When Turrell is not working on the crater, he tries to keep up with an ever-increasing demand for his installations from collectors, museums and galleries. He recently worked on a permanent “Skyspace” similar to the Crater’s Eye in a Quaker meetinghouse in Houston (he says he’s a lapsed Quaker recently returned to the fold) and another in Seattle at the Henry Art Gallery (opening in July), and he has turned entire office towers into light installations in Europe and Japan.

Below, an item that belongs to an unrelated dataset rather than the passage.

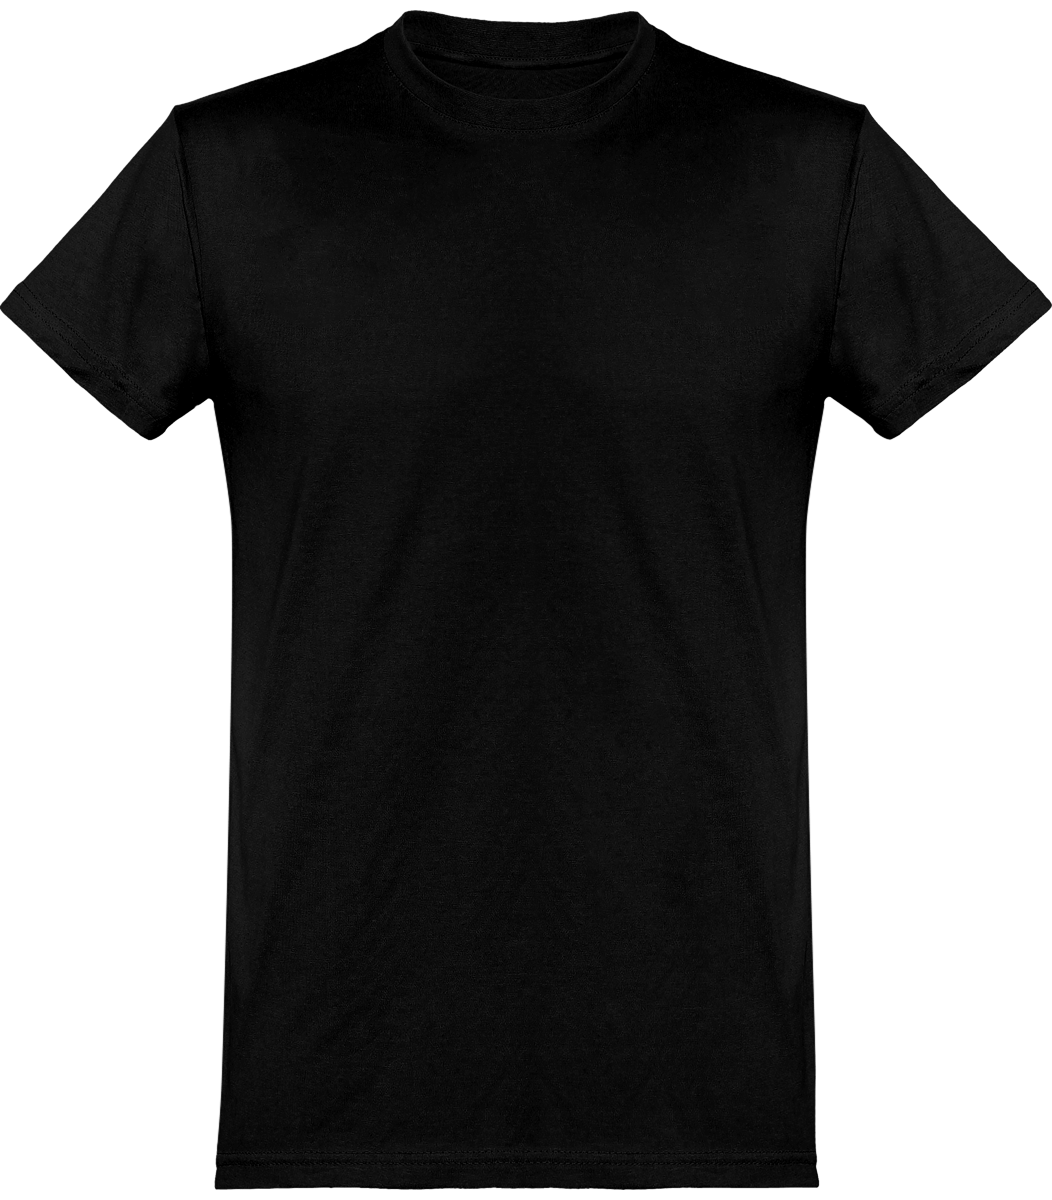 Tee-Shirt Homme Coupe Basique 100% Coton À Personnaliser Urban Black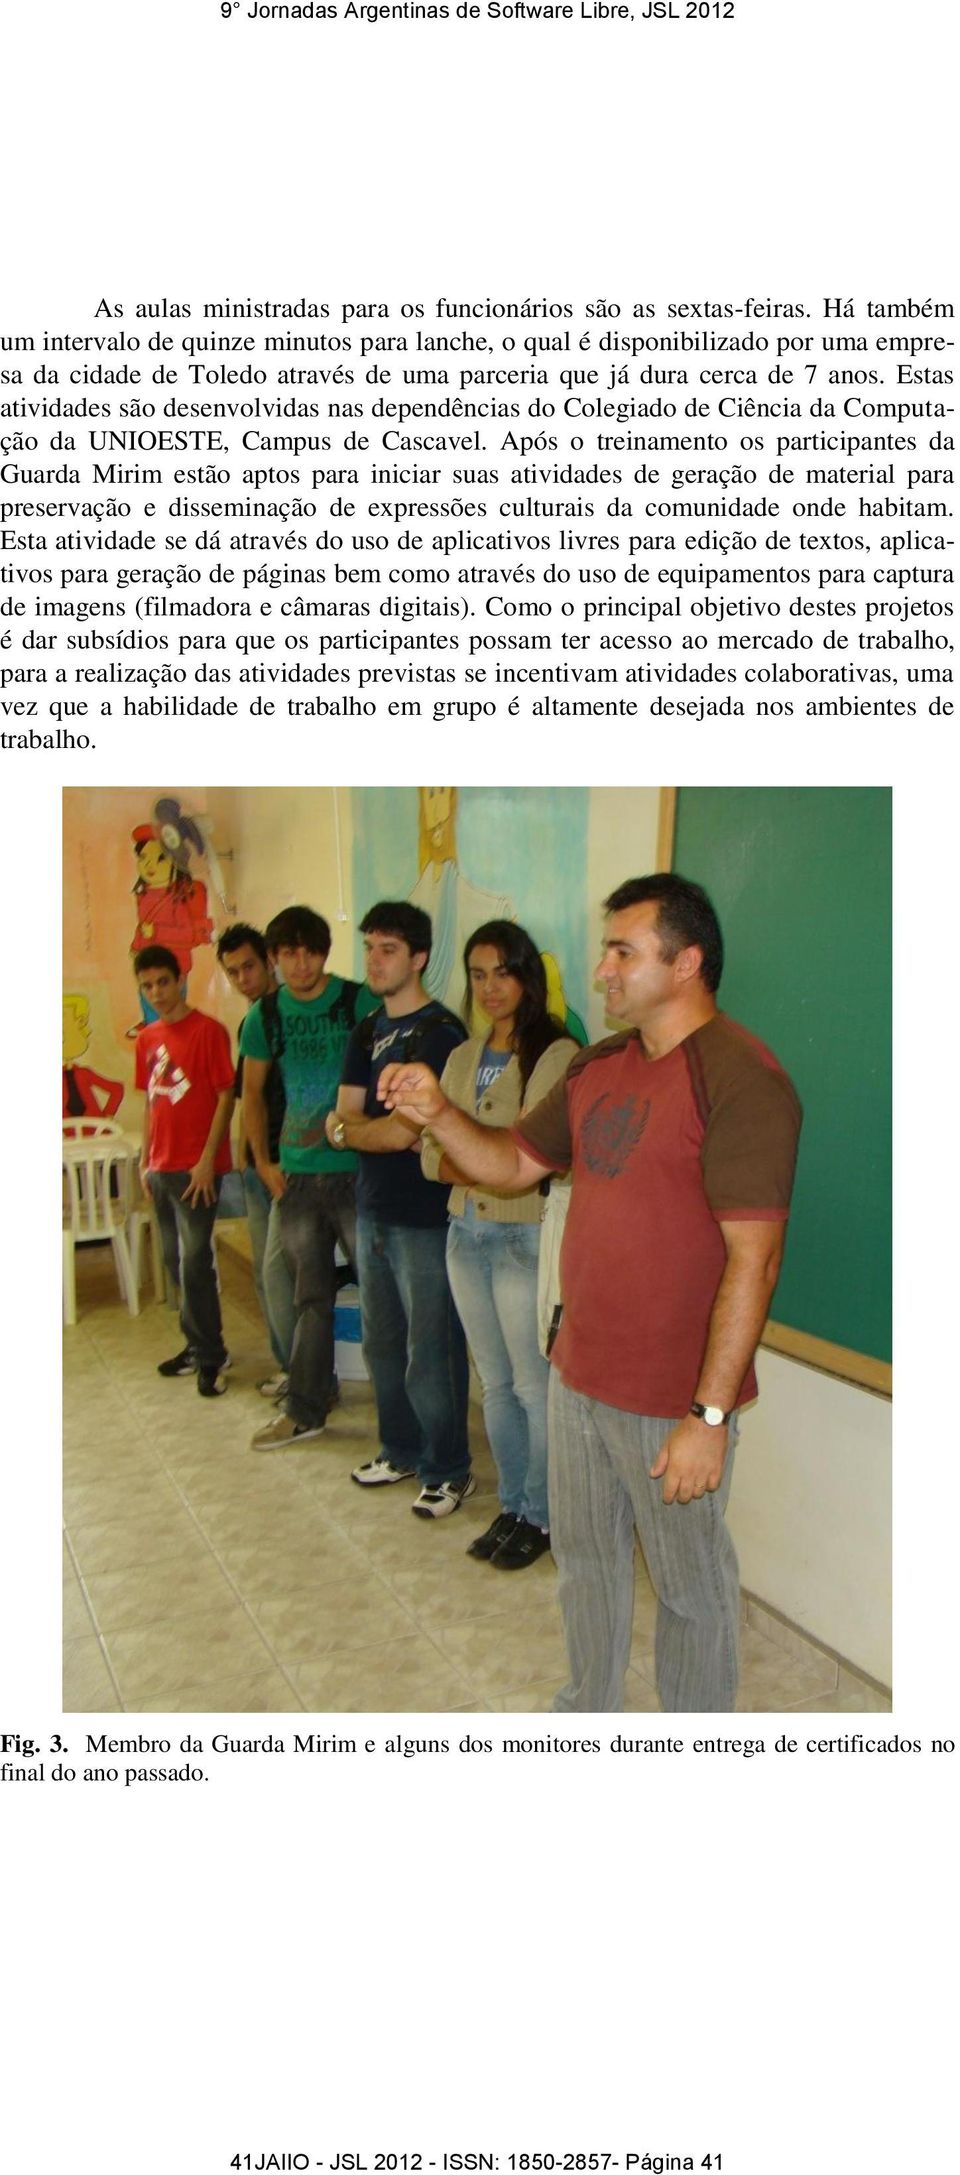 Estas atividades são desenvolvidas nas dependências do Colegiado de Ciência da Computação da UNIOESTE, Campus de Cascavel.

In his show at Pittsburgh’s Mattress Factory, his works reflect the influence of perceptual psychology. Psychologists have put subjects in sensory deprivation chambers, intense light boxes and other strange environments to probe the nature and limits of perception. Turrell’s installations sometimes seem like such experiments masquerading as art, but the in genuity of their design is obscured by their beauty and simplicity. “Whatever work it may take to get there doesn’t matter,” he says. “I want you to see the swan as it glides across the lake, not the fact that underneath it’s paddling like hell.”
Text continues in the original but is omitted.